Des personnages "hauts en couleurs"
Pour la distribution des personnages, "nous avons fait le casting avec une forme d'évidence, en coups de foudre", s’enthousiasme Patrice Thibaud, comme le confirme Hervé Niquet : "Nous sommes tombés très vite d'accord sur le choix des trois interprètes lors des auditions. Le premier critère de recrutement était musical : il y a de la très belle musique à défendre, et en même temps ils doivent être des acteurs, les interprètes doivent eux-mêmes être des personnages. La Femme du Baron est incarnée par Axelle Fanyo, une interprète qui a énormément de répondant et une 'grande gueule'."
"Le fait que la Baronne soit jouée avec plein de couleurs (de caractères, de peau, musicales) permet aussi d’élargir encore davantage l’imaginaire, et apporte une modernité très intéressante : un de ses airs est d’ailleurs pensé comme une berceuse créole", confirme Axelle Fanyo qui se félicite que le personnage de la Baronne se déploie avec richesse et notamment sur "deux aspects, deux points de vue : celui que joue la Baronne pour les personnages et le public d’une femme aimante et très inquiète envers son mari qui sombre dans la folie absolue et la mort. Mais je pense aussi que, sincèrement, elle n’en peut plus de son mari (rires). Elle sait qu’il faut faire tout ce cinéma pour l’accompagner, le rendre heureux, et elle l’aime sincèrement. Mais elle est fatiguée par toutes ces folies et elle donne aussi son dernier spectacle, sa dernière illusion. La Baronne joue la femme docile et admirative béate de son mari (passant des larmes de crocodile à l’automate qui applaudit) : elle en rajoute, elle exagère car son mari (dans son monde d’illusion) demande et exige cette admiration, mais cette Baronne est beaucoup plus complexe et intelligente qu’elle n’en laisse paraître. Je pense qu’elle est féministe dans l’âme et trouve une stratégie pour sortir du rôle attribué par le Baron, l’histoire, la société : elle accompagne la fin de tout cela."
"Le Curé du Baron est campé par ce grand bruxellois dégingandé Romain Dayez, baryton qui a la veine du comique.
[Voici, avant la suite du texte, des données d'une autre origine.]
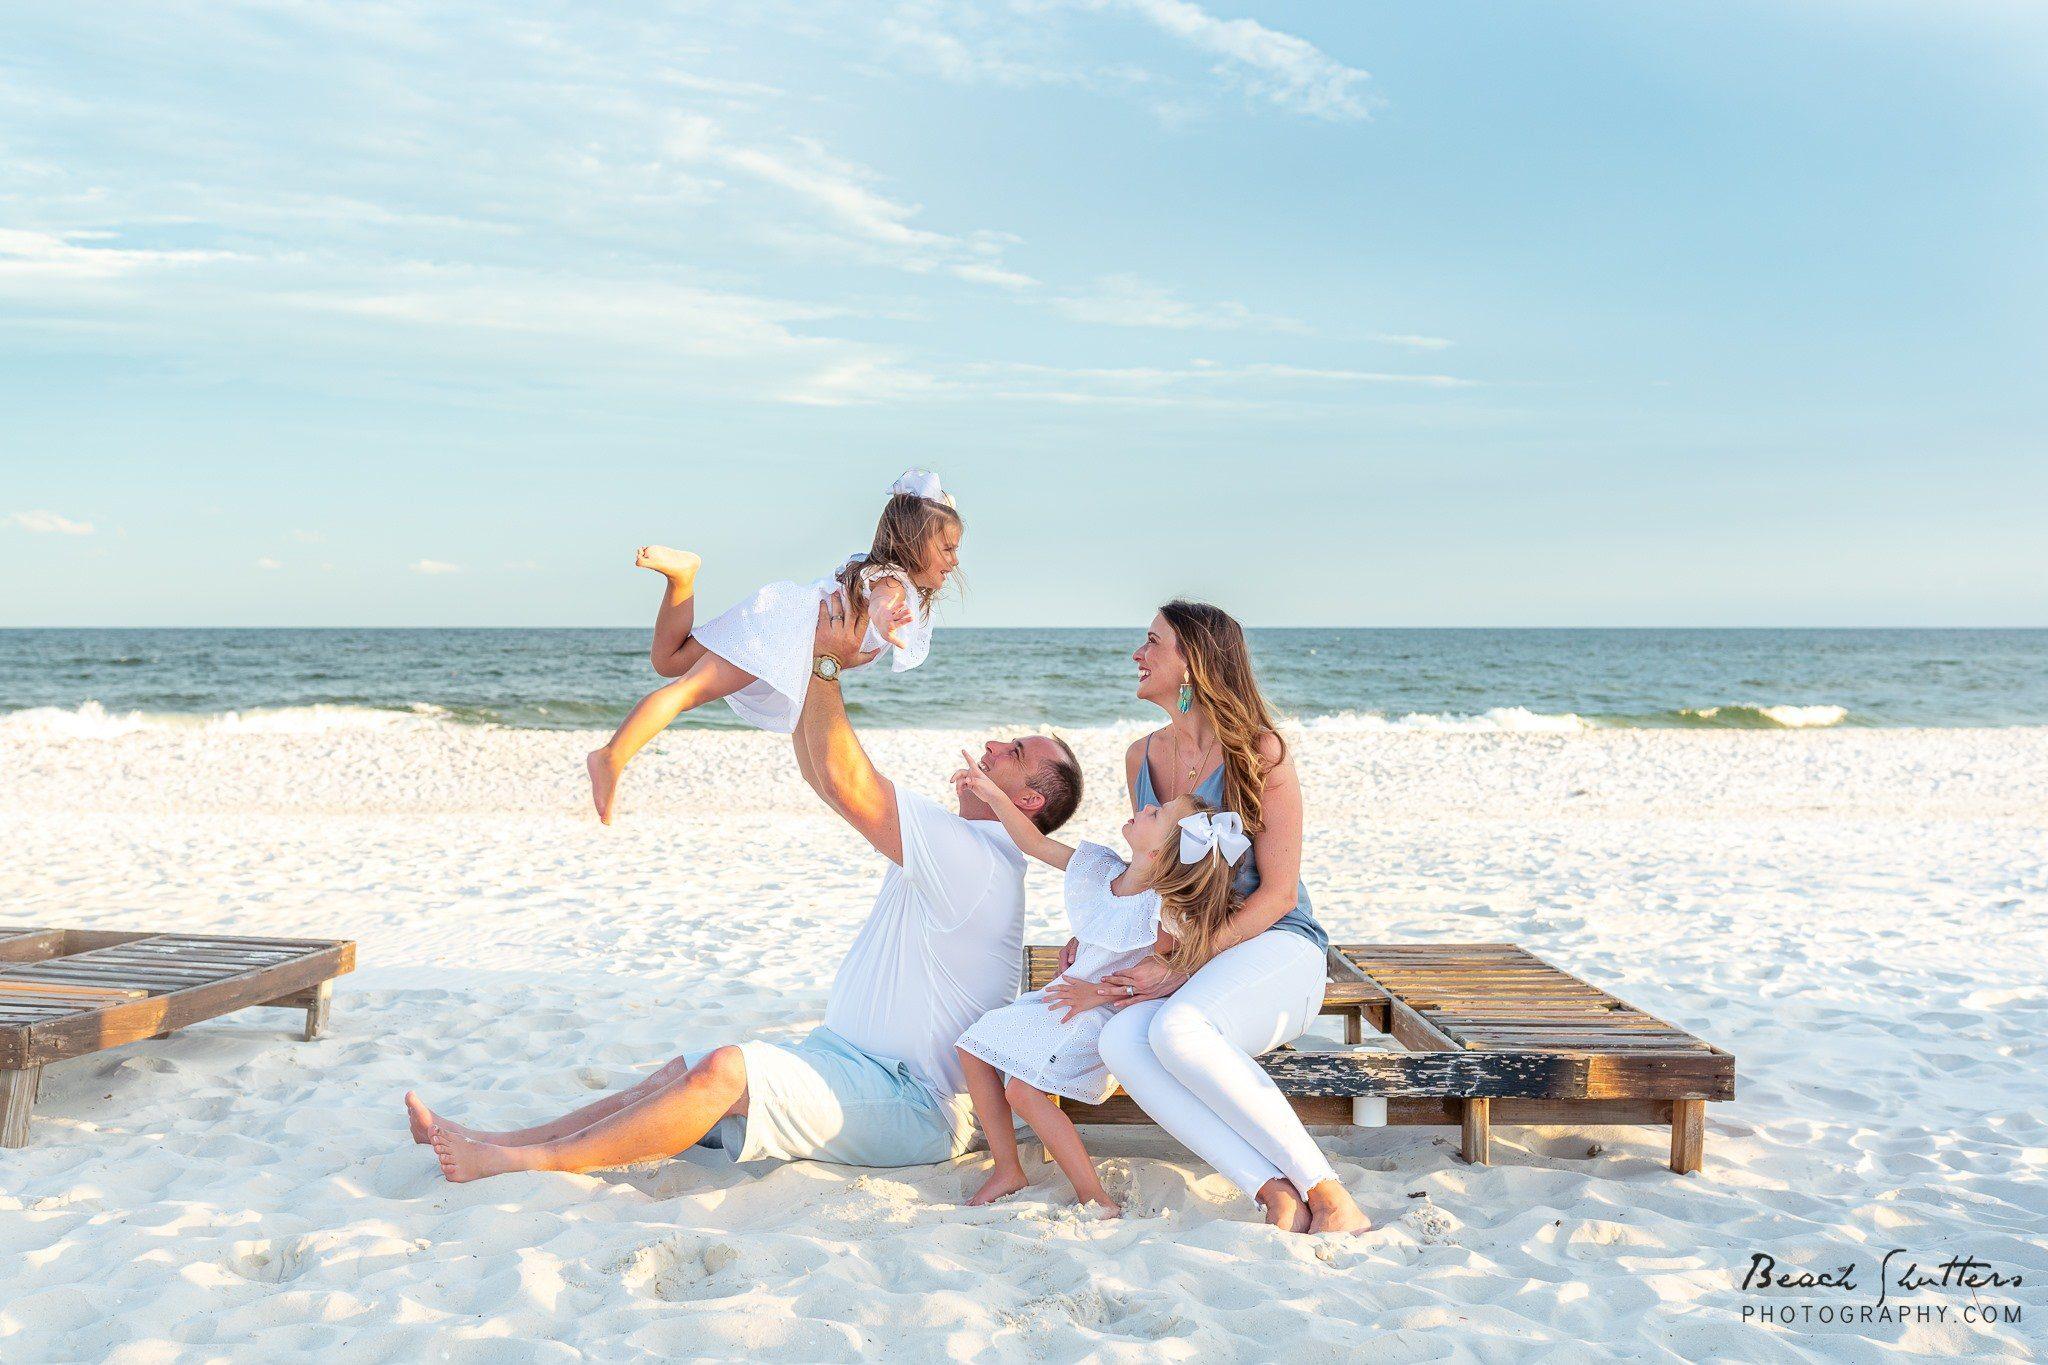 Orange Beach photo sessions

Enfin dans ce trio de choc autour du Baron, son Médecin est Jean-Gabriel Saint-Martin, baryton également à la diction et voix formidables, d'autant qu'il adore être faussement sérieux." Jean-Gabriel Saint-Martin a même un rapport à la fois intime et savant avec son personnage : "Pour tout vous dire, ce rôle résonne pour moi sur un plan assez personnel car mon père est médecin. C'est en cela très amusant et inspirant pour moi, mais au-delà de cette dimension personnelle, c'est la lutte entre science et religion à l'époque (incarnée par le duel entre les personnages du Médecin et du Curé) qui est très marquante et aussi contemporaine dans ce livret. Pour le Baron, je représente une voie, une issue possible et mon personnage essaye donc de l'attirer vers lui avec des arguments fallacieux (à l'image des médecins de Molière adeptes de la saignée, qui faisaient plus de mal que de bien). La dimension absurde (et toujours comique) de toute cette histoire et de cet univers s'incarne aussi en cela, et en ce duo-duel du Médecin et du Curé qui passent le plus clair de leur temps à se disputer, mais finissent par se rabibocher."
"Tous sont géniaux, je les adore, je suis tombé amoureux d'eux, renchérit Patrice Thibaud sur les propos d’Hervé Niquet. Les solistes et les choristes se sont tous prêtés au jeu avec talent et une infinie gentillesse, formant une superbe équipe qui a parfaitement fonctionné ensemble."